Dispersive detection of radio-frequency dressed states

TL;DR

This paper presents a dispersive detection method for alkali atoms in radio-frequency dressed states, enabling robust, low-noise measurements of atomic populations and differences, with potential applications in quantum sensing and atomic clocks.

Contribution

The authors introduce a novel dispersive detection technique using polarisation homodyning for dressed atomic states, improving noise robustness and enabling simultaneous measurement of multiple states.

Findings

Achieved phase-locked detection oscillating at twice the dressing frequency.

Demonstrated simultaneous detection of two optical frequencies for population difference measurement.

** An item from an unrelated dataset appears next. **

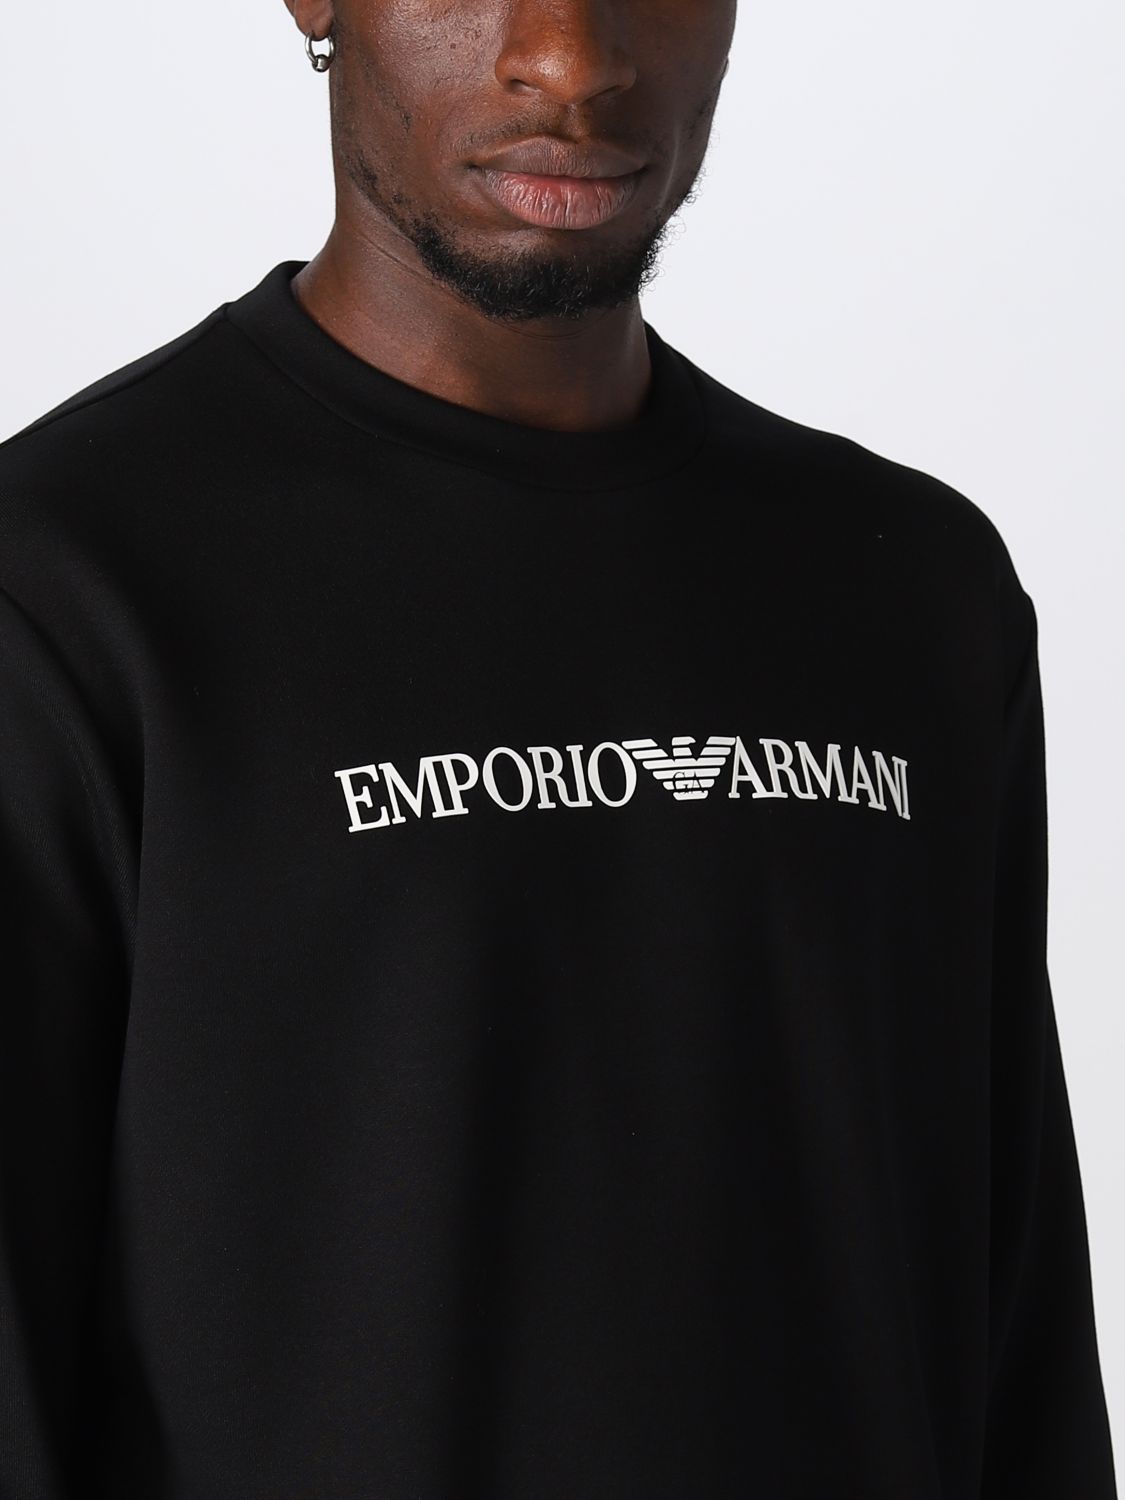 EMPORIO ARMANI: Sudadera para hombre, Negro Sudadera Emporio Armani 8N1MR61JRIZ en línea en GIGLIO.COM
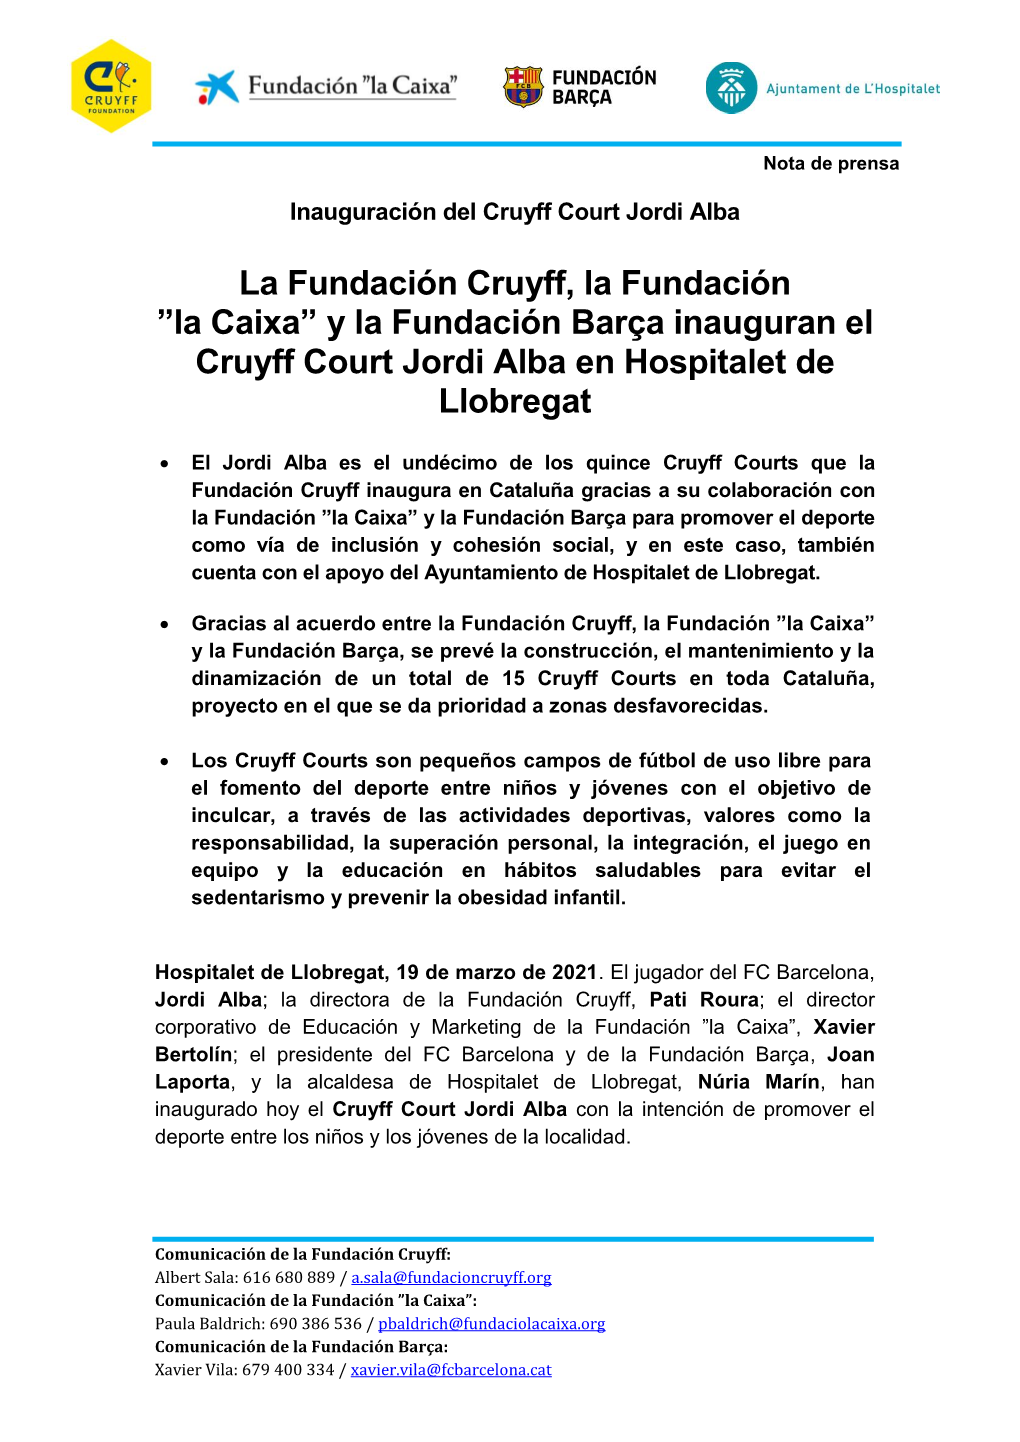 Cruyff Court Jordi Alba L'hospitalet De Llobregat Fundación

Potential for quantum noise limited measurements and spin squeezing.

Abstract

We introduce a method to dispersively detect alkali atoms in radio-frequency dressed states. In particular, we use dressed detection to measure populations and population differences of atoms prepared in their clock states. Linear birefringence of the atomic medium enables atom number detection via polarisation homodyning, a form of common path interferometry. In order to achieve low technical noise levels, we perform optical sideband detection after adiabatic transformation of bare states into dressed states. The balanced homodyne signal then oscillates independently of field fluctuations at twice the dressing frequency, thus allowing for robust, phase-locked detection that circumvents low-frequency noise. Using probe pulses of two optical frequencies, we can detect both clock states simultaneously and obtain population difference as well as the total atom number. The scheme also allows for difference measurements by direct subtraction of the homodyne signals at the balanced detector, which should technically enable quantum noise limited measurements with prospects for the preparation of spin squeezed states. The method extends to other Zeeman sublevels and can be employed in a range of atomic clock schemes, atom interferometers, and other experiments using dressed atoms.